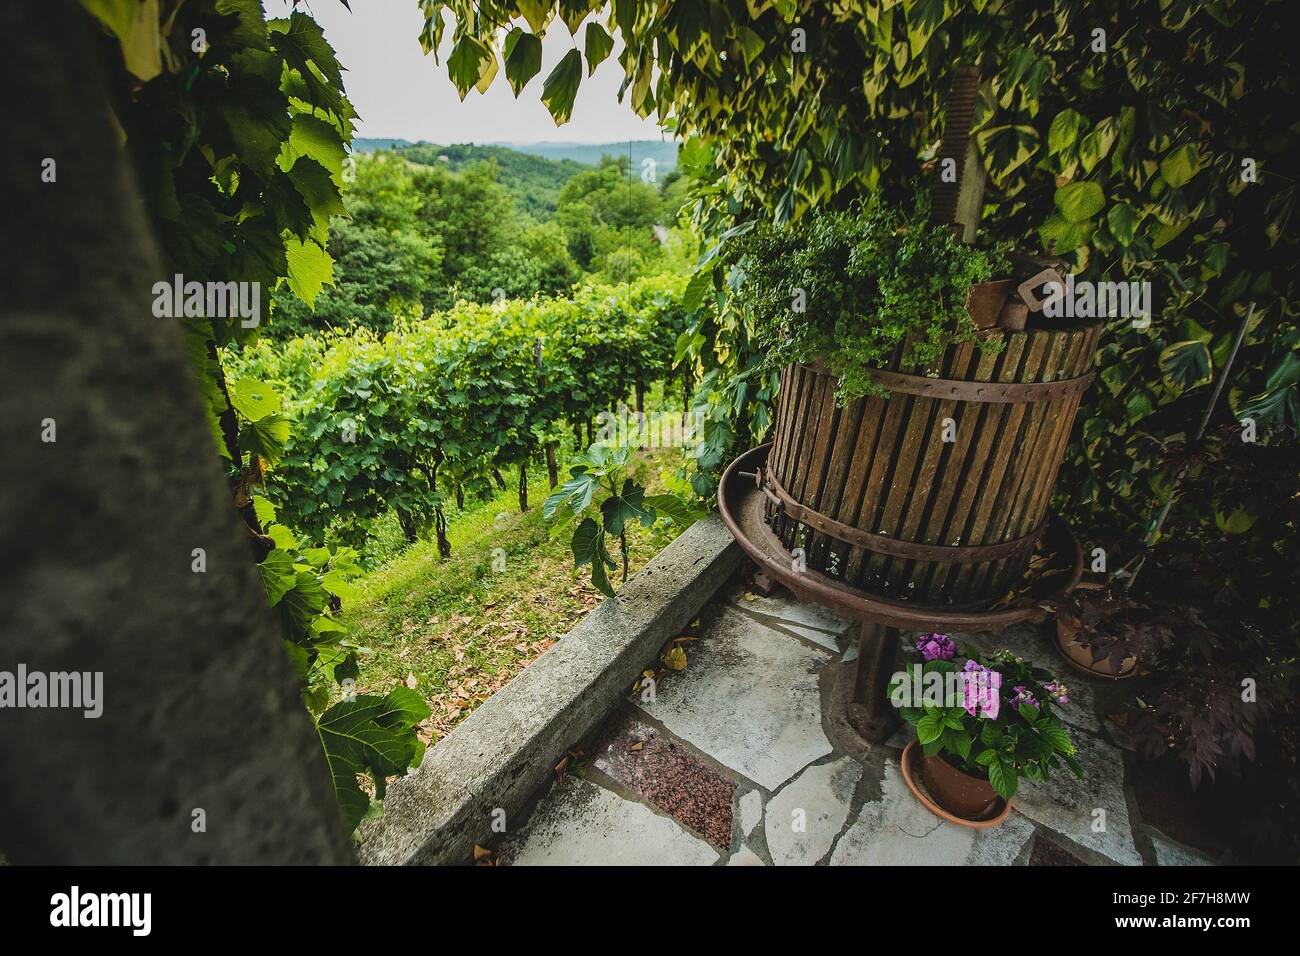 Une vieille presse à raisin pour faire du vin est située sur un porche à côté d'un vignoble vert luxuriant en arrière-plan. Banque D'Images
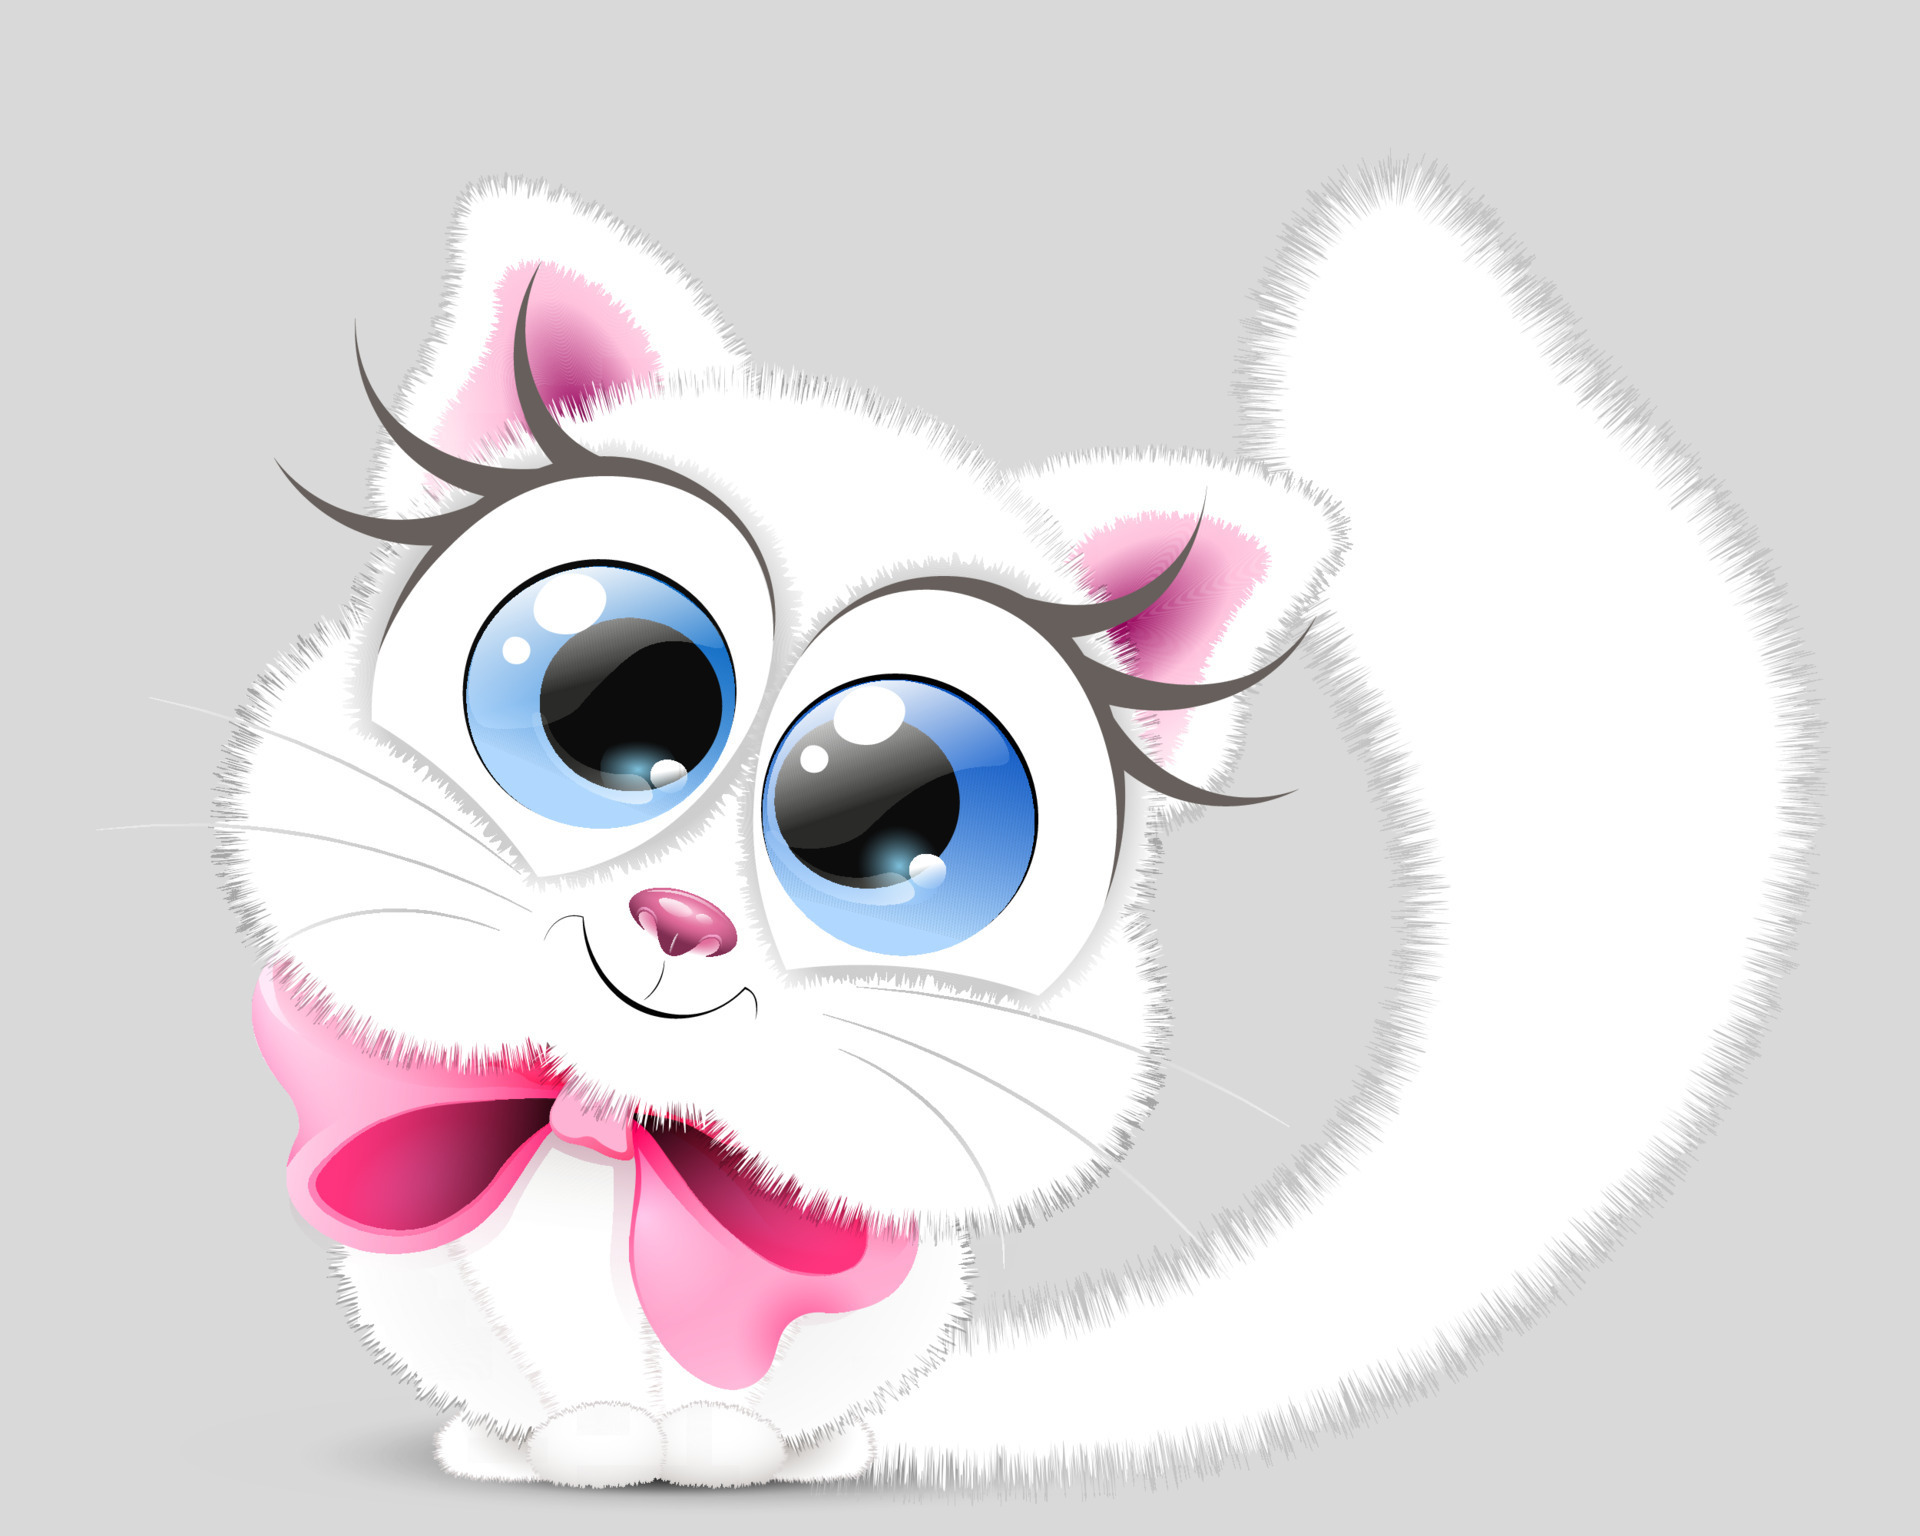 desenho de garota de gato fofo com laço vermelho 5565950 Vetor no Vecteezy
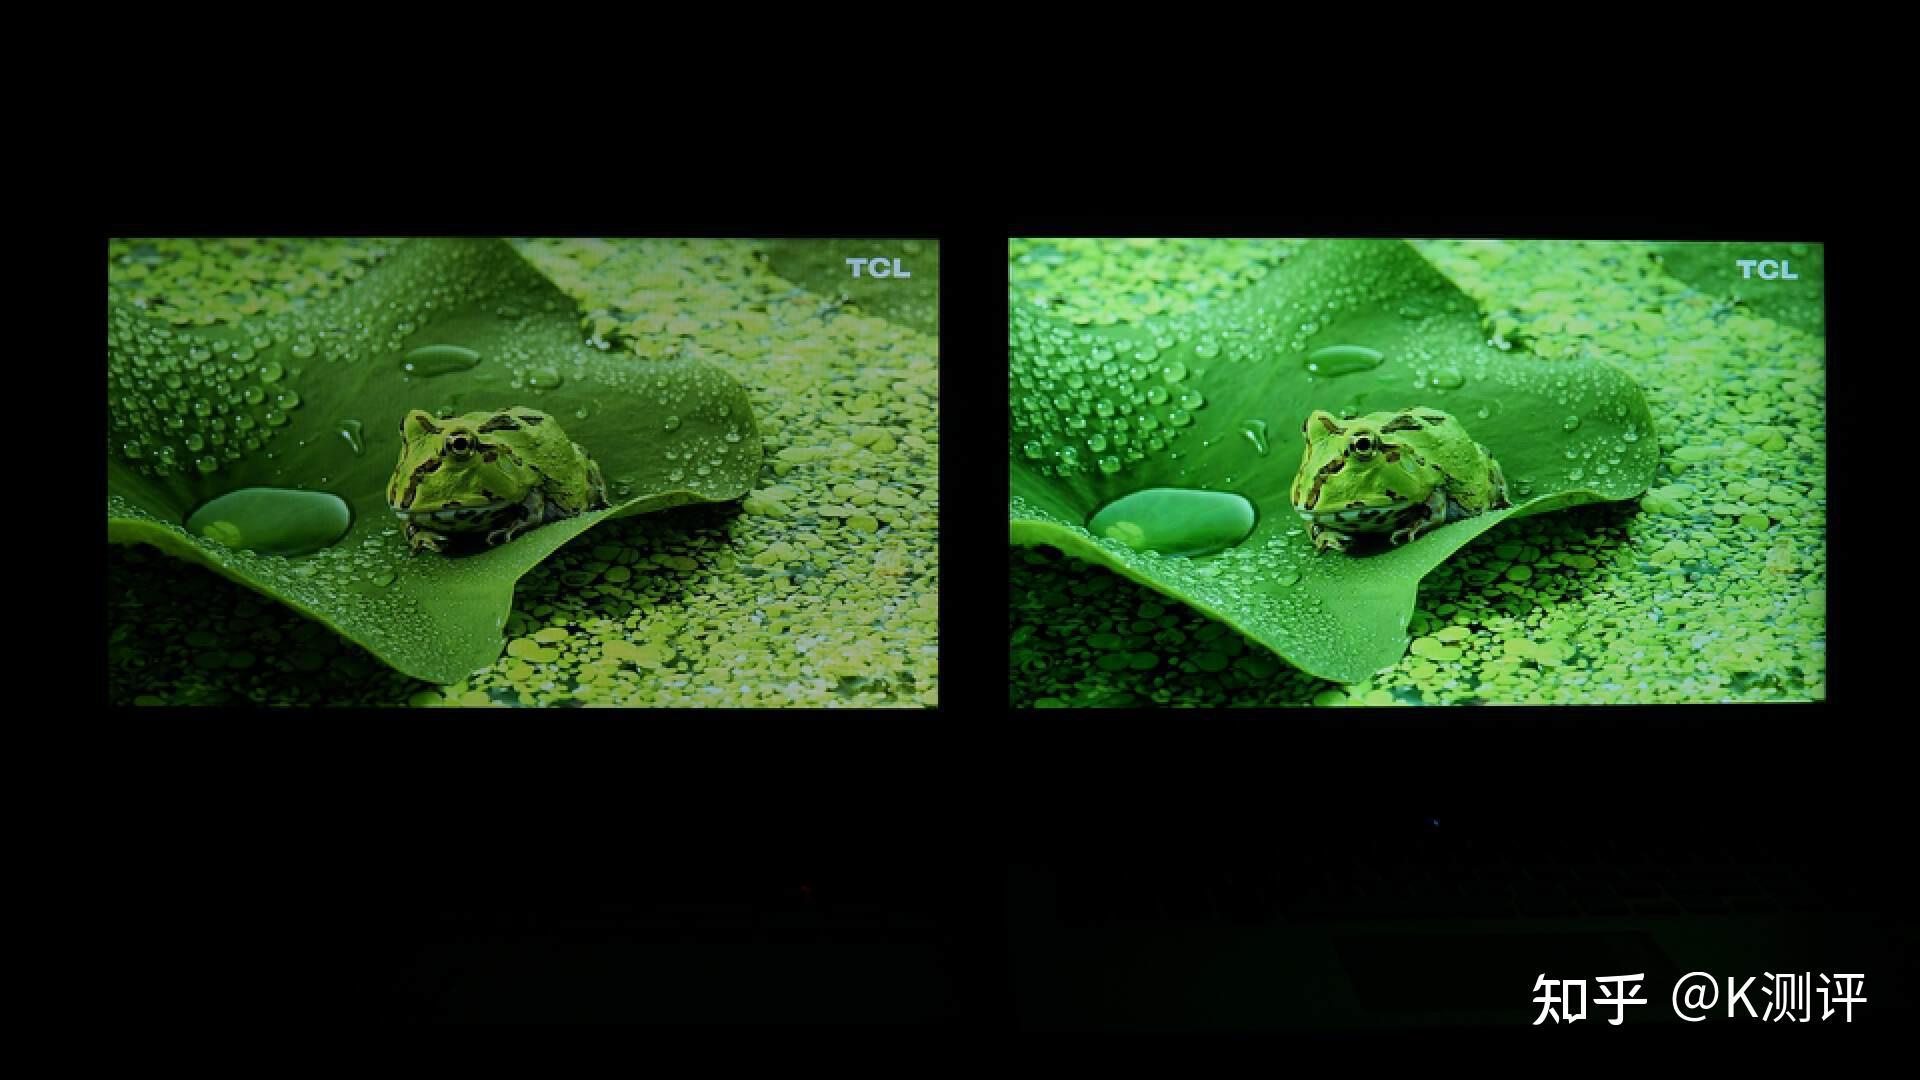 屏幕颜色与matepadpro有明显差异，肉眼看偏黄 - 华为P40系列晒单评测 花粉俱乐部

Exercise: Quote, please, only the lines running from the one with "desenho de garota" down to the final line of the data above, keeping both ends and skipping the pictures.

Answer box:
 desenho de garota de gato fofo com laço vermelho 5565950 Vetor no Vecteezy
 屏幕颜色与matepadpro有明显差异，肉眼看偏黄 - 华为P40系列晒单评测 花粉俱乐部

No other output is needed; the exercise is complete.